In recent years, Bill Niman has called out Niman Ranch for doing things contrary to the company’s original mandate. Cattle are now raised in commercial feedlots. Antibiotics are still not fed to healthy livestock, but antimicrobials (which fall outside of the USDA’s description of antibiotics) are. The ranch named after Niman responds with the argument that (a) all of the above are widely practiced and (b) the company is making money, a different state of affairs from when both Bill Niman and his name were on the premises.

Not much has changed except for the addition of Grandin’s name, says Paul Willis, head of Niman Ranch’s pig division. When asked about Niman and the accusation of standards compromise, Willis mentions, quite graciously, that Iowa ranks 50th in the nation in terms of water quality because of industrial hog farms with far looser standards than Niman’s, and that he could see two of them from where he was standing.

Everyone is trying to come up with the right way to kill an animal, and then eat it, and still make money at it.

And now Niman Ranch also has Grandin’s name. Or rather: sort of. A few days after Niman Ranch issued a press release announcing its collaboration with Grandin, she issued a clarification. She was not approving of the standards themselves, she wrote. She went on to describe many of Niman Ranch’s standards (no antibiotics for healthy animals, no keeping animals without access to pasture) as “niche” standards. Grandin was, she said, approving not of the code, but merely of the clarity with which it was written. It was a statement mystifying in its narrowness. Surely Grandin, the anthropologist, after years of studying us, the Martians, would realize that we would see a label like “Certified: Sustainable and Humane” and think of pigs gamboling in a pasture, rather than standards approved for legal clarity, rather than ethical content.

There are so many codes for the right and wrong way of doing things — and so many of them dependent on the name of the person associated with the code. Bill Niman is trying to police the use of his former code from afar. Niman Ranch needs a new name to attach to its code, because the old name is out there making trouble. Everyone is trying to come up with the right way to kill an animal, and then eat it, and still make money at it.

(Everyone but Genghis Kahn, that is. His way sounds labor-intensive and more than a bit impractical.)

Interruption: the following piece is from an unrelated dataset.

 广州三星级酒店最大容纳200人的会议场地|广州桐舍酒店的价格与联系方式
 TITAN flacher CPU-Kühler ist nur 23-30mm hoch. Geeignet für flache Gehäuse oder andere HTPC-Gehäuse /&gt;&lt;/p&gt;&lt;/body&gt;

A friend of mine stopped eating meat when she returned from living in the countryside because she couldn’t imagine eating meat again that wasn’t purchased from someone who was fully known to her community. In urban areas, people like Grandin and Niman have become semaphore for that knowledge. Is there a code that can replace the trust that we place upon individual people, sometimes heedlessly?
I am unsure.


HEATHER SMITH is an editor at Meatpaper.